Pro-city,
positive thresholds and a new language for the development professions?
What's' wrong with cities? When asked baldly like that
most people would say, 'nothing', and we agree...so why do we still
try to make 'better versions' of them by imposing ideas that where crafted
to destroy the old principles and provide a template for 'something
better'?
The bedrock of so many areas of urban development, from
traffic management, commercial mortgaging, insurance, building regs,
to housing choice have been shaped in response to a build up of planning
requirements that where anti urban in their ethos. This 'anti-urban'
lineage can be detected also in the language used in the professions.
'Over developed'...'capacity'...and town cramming' are only the tip
of the subconscious anti city, iceberg. Mired as it is in the garden
city tradition, it gives an automatic edge to so much of the development
process.
We need a new language that reflects celebration of
the positive attributes of the big city, urban massing and configuration!
'New Urbanism', 'Smart Growth' and 'Towards an urban
renaissance' have ironically introduced some, ostensibly' new, pro-city,
terminologies, but their actual meanings and potential application have
been lost in the wider anti urban continuum of the planning world. So
now people TALK of 'building places', 'neighbourhood approaches', 'shared
realm' and 'mixed use' but we blithely still build housing and separate
trading estates, 'secure' by design housing layouts and 'cultural quarters',
all at densities so woefully low and so utterly disconnected as to make
'place making' impossible. We must have the meaning and intent of the
new language as well as the airy phrases.
We still see projects being built of exclusive
use and 'open aspect' insisted upon as a holy of holy principle, when
they know that the 'common land' will have to be ringed by ugly security
fencing before the structure is complete! Over looking distances, resistance
to 'enclosure' and terracing underpin developments that are misguidedly
called 'urban renewal'! We still have traffic formulas that dictate
the intensity of development...how do London, NYC and Tokyo cope without
them? Incredibly productive high streets that form the heart of their
local communities as well as being vibrant, economically, are regarded
as 'obsolete'...and we are still building ghetto's!
A draft (anti) tall buildings policy that has been doing
the rounds in Liverpool since summer 2003, not only intends to limit
growth by imposing the farcical notion of a spatial/townscape design
envelope, but actually states that issues of housing and sustainable
density will be interpreted in accordance with perceived 'needs '....basically
admitting that what is intended is inherently unsustainable...such is
the power of intransigence and boneheadedness in Liverpool!
We need to take a step back and ask What, actually,
is a city? How do they work? and is what we do in Liverpool building
up, or dismantling its urban functionality and potential? Then we can
perhaps begin to frame policies that are genuinely appropriate to the
needs and aspirations of a fast recovering city.
So how about some positive city-building codes and ideals?
Given that Liverpool is a commercial city and its future lies in regalvinising
its position in that role, how about taking this as a baseline and seeing
what criteria are needed to ensure success?
Why not some MINIMUM residential density thresholds,
below which no development would be given permission? Not only would
this then ensure that we where hitting baseline levels that we need
in each downtown district, but they would begin to indicate the appropriate
massing and height of buildings suitable for each available development
site, ESPECIALLY given all those low level 'historic buildings of value'
that we wish to preserve in our environment!

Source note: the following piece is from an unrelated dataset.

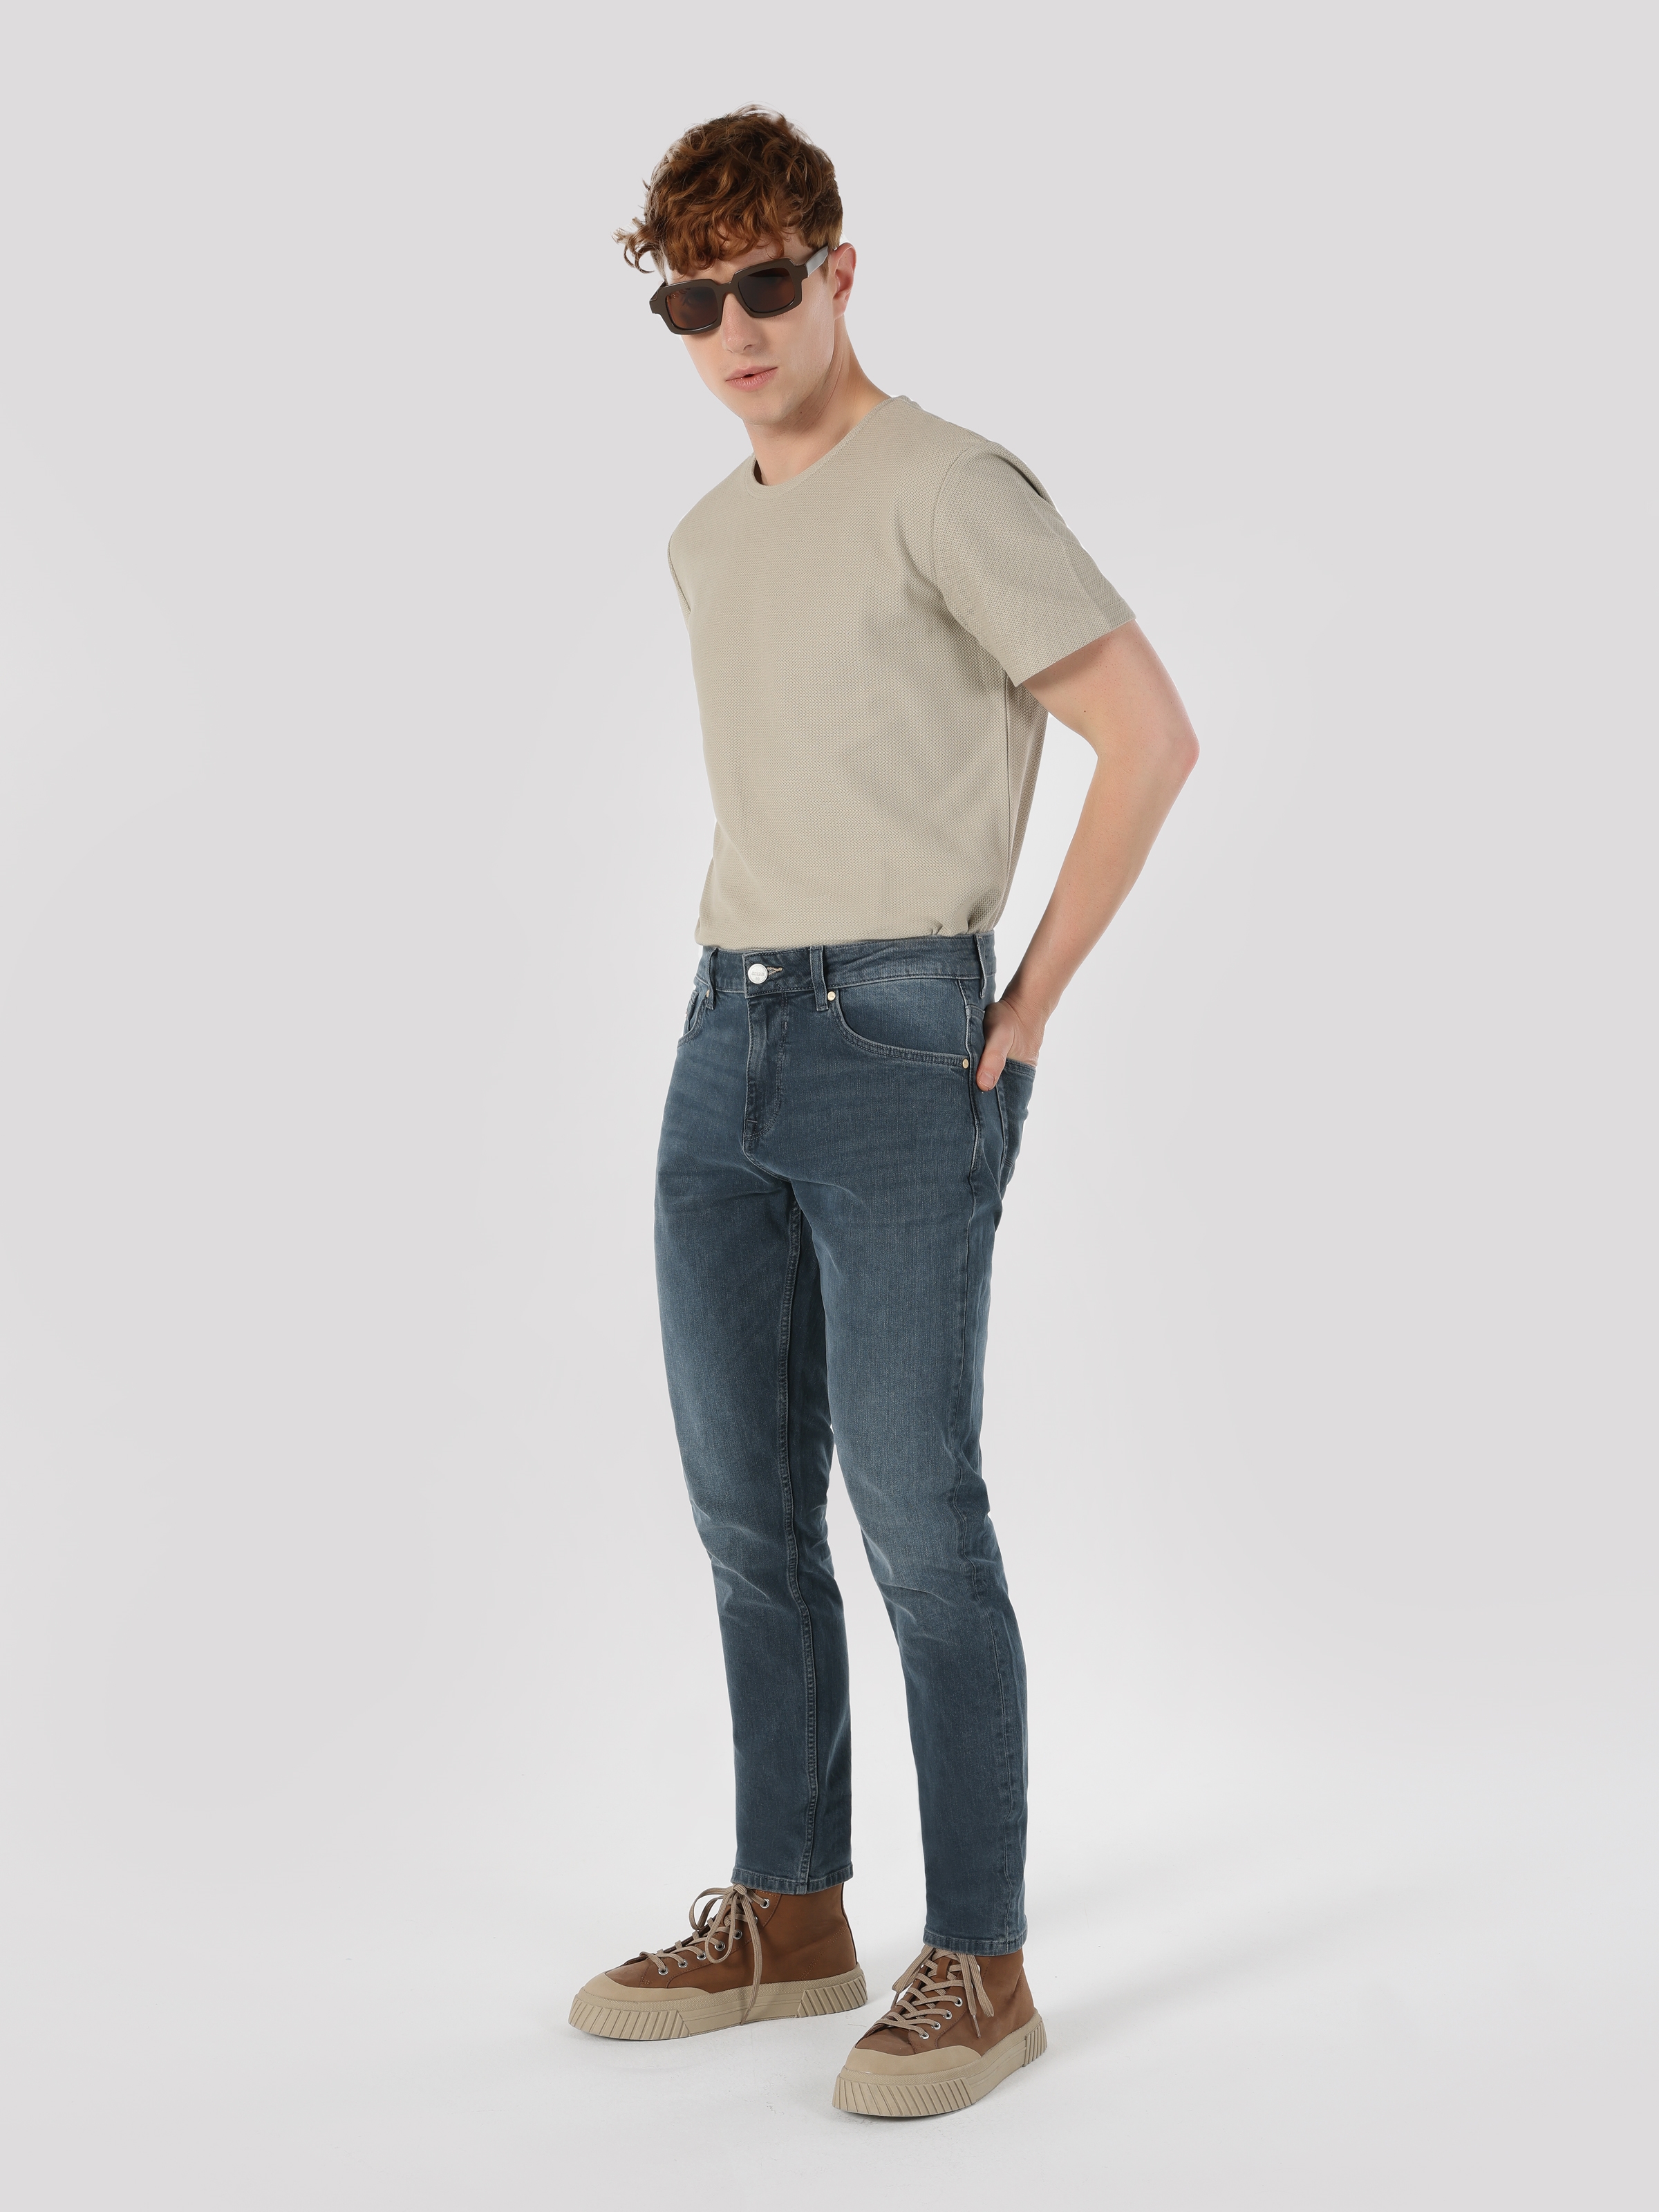 Afficher les détails de 067 Jack Normal Fit Taille Normale Jambe Étroite Pantalon Jean Bleu Foncé Pour Homme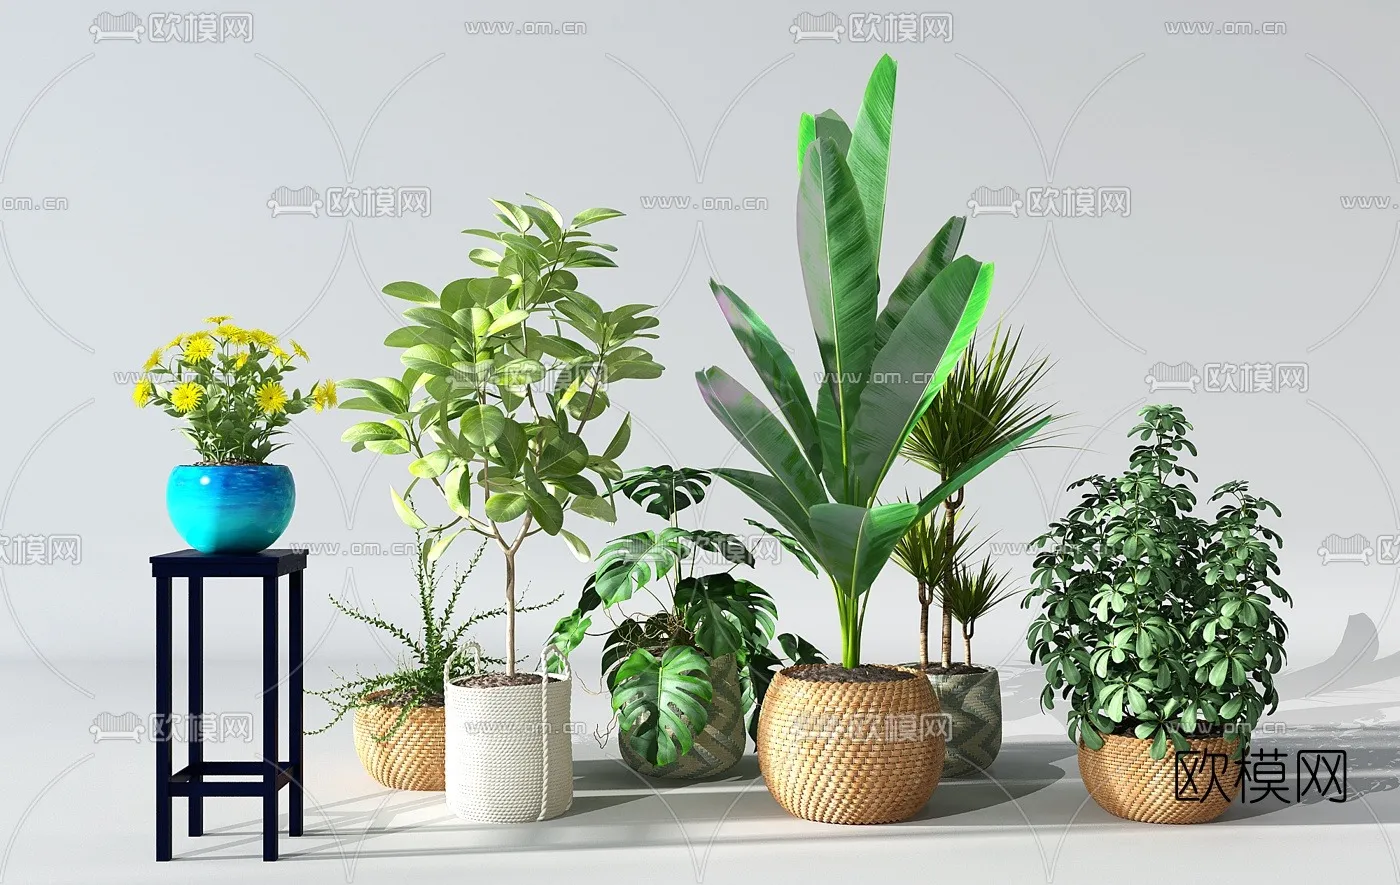 PLANT 3D MODELS – 042

That would be just the beginning! Commerce could develop
the floor space it NEEDS, rather than have it dictated, so not having
to make hard decisions about whether to stay downtown. How can we utilise
the built environment to help entrepreneurs to build the city's wealth
assets?, etc...and so on
Shouldn't we see that codes designed to preserve the
aspect of the many hundreds of Georgian market towns in England are
not only inappropriate but utterly irrelevant in a city the size and
dimension of Liverpool (the principles applied are exactly the same
in Liverpool as St Albans according to the heritage line)
The dangers of taking the heritage agenda to extremes
is a continuing theme of DL, but of course it is not the current heritage
agenda that caused the destruction of our cities and it is not our objection
to principles as applied in the rest of the city. Many heritage principles
are, ironically, sensible urban neighbourhood principles.
It is the accumulation of 'progressive' ideologies that
have caused the greatest destruction of the urban fabric, and has tied
us into using the same flawed formulas to alleviate problems caused
by previous programmes which, used the same formulas, in a continually
downward spiral, of which excess ideologies amongst heritage communities
is but a reaction to, and a symptom of, generations of wanton destruction.
A root and branch approach is needed in all fields related
to 'urban development' Like Soviet Communism, the system is unreformable,
but first there has to be a change in perceptions that agree that what
we currently do is counterproductive, largely harmful, to our aspirations
to revive our cities and their communities.
If we want the city to restore its international role
then surely we need different principles to guide how we allow the physical
landscape to accommodate this ambition?